By DNAinfo Staff on February 1, 2011 11:25am

By Jill Colvin

DNAinfo Reporter/Producer

MIDTOWN — Korean food is about much more than BBQ.

That’s the message from Kelly Choi, the former host of 'Top Chef Masters' and a long-time foodie, as she eagerly awaits the Lunar New Year.

Choi prepared for the traditional holiday celebration, which kicks off on Thursday, with a smorgasbord of Korea's favorite traditional New Year’s dishes courtesy of Bann, a Zagat-rated Korean fusion restaurant in Midtown West.

Like a traditional American Thanksgiving, Choi said that New Year's in Korea revolves around one thing: what’s on the table.

"Everything is about food in Korean culture," said Choi, as waiters delivered bowls of steaming soup and colorful plates of noodles.

The most important dish on a Korean New Year’s table, Choi said, is Tteokguk, a savory soup made with beef broth simmered with garlic, scallions and sliced, unsweetened white rice cakes with the texture of dumplings.

As part of the tradition, Koreans must eat the dish in order to get a year older — so everyone gains a year together on that day, Choi said.

Next comes Japchae, a traditional noodle dish made with clear, sweet potato starch noodles and colorful vegetables of every type that is also popular all year-long.

Then comes the meat dish, a fall-off-the bone plate of short ribs served in a sweet garlic, sugar and soy sauce, and brimming with bright orange butternut squash.
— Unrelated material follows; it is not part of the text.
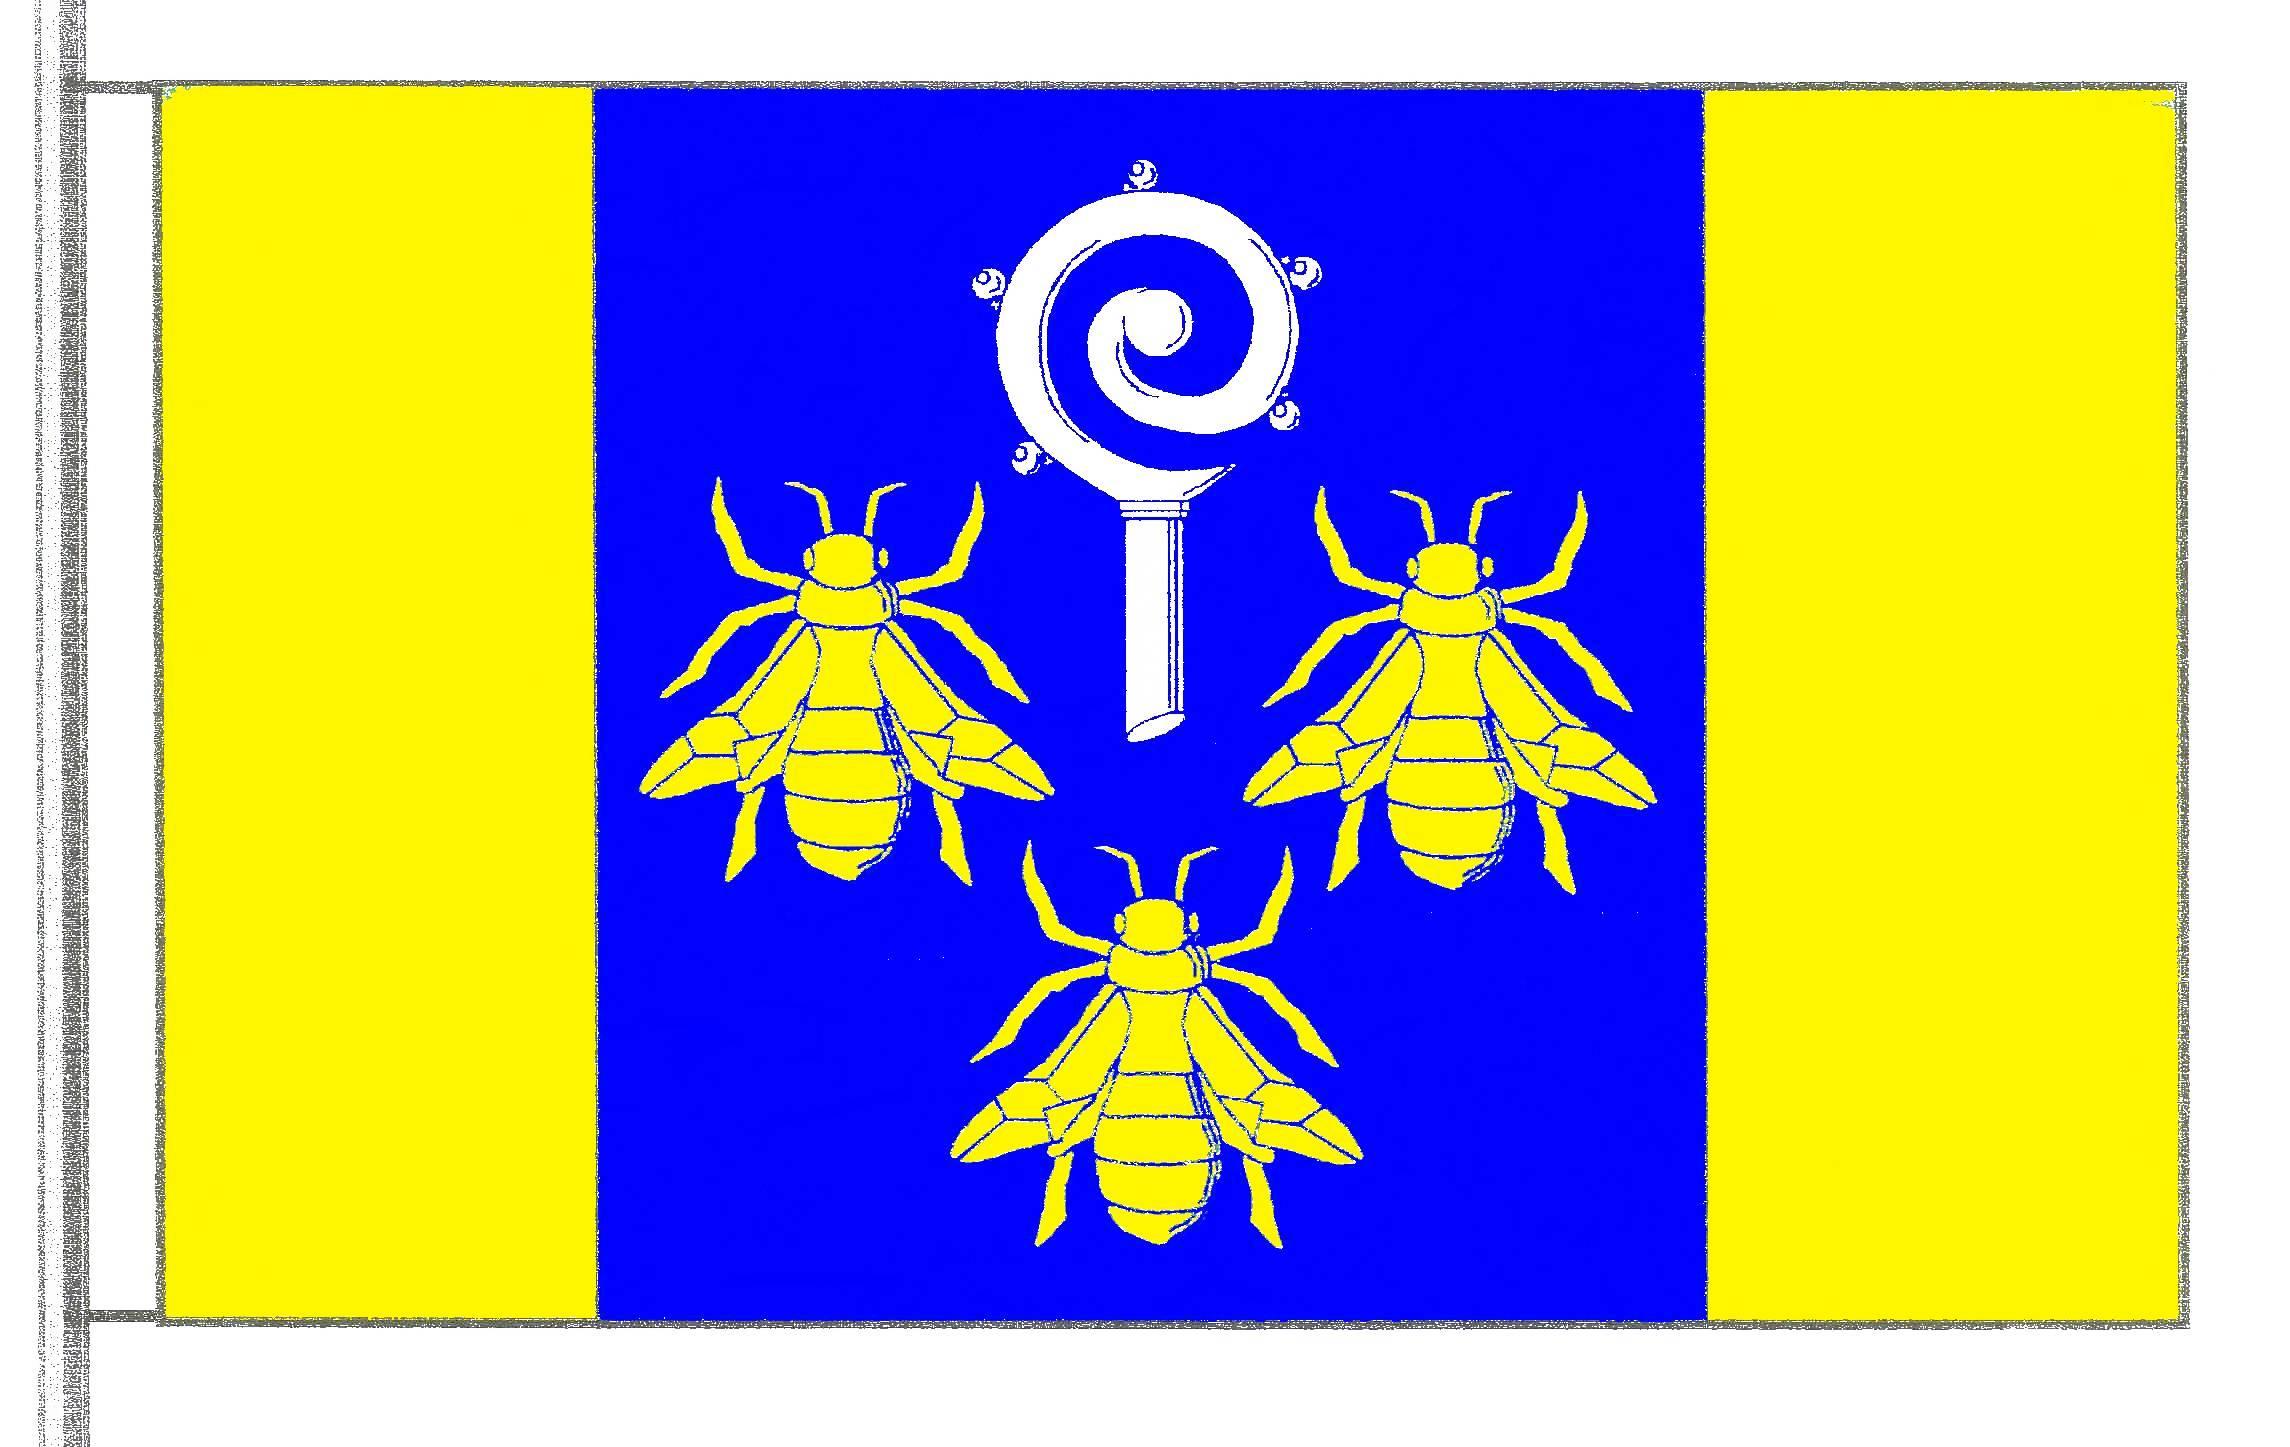 Flagge GemeindeHonigsee, Kreis Plön

"It’s like big, hunky meat," said Choi, was born in Seoul and worked at her parents' supermarket, stocking shelves, marking prices and slicing bologna.

The main dishes are traditionally served with a selection of popular sides, including Kimchi, made of fermented, spicy cabbage; the three-colored vegetable dish Namul, made from balloon flower roots; bracken and green leafy spinach; and fish, zucchini and mushroom fritters.
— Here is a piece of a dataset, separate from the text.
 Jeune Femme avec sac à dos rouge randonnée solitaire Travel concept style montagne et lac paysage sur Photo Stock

A traditional table would also be brimming with seasonal fruits, including juicy Fuji apples, pears, chestnuts, jujubes, persimmons, and multicolored rice cakes stained pink and green stuffed with mung beans and black sesame seeds, Choi said.

Choi said that unlike the traditional American New Year, where partygoers ring in midnight on January 1st in a drunken daze, for Koreans, New Year’s is all about family.

"It’s very much about being together," said Choi, who typically travels to Ft. Lee, New Jersey to be with her family early the morning to begin the celebration, which can last as long as three days.

The festivities typically ends with the traditional Korean New Year’s greeting: "Lots of luck, lots of blessings for the New Year."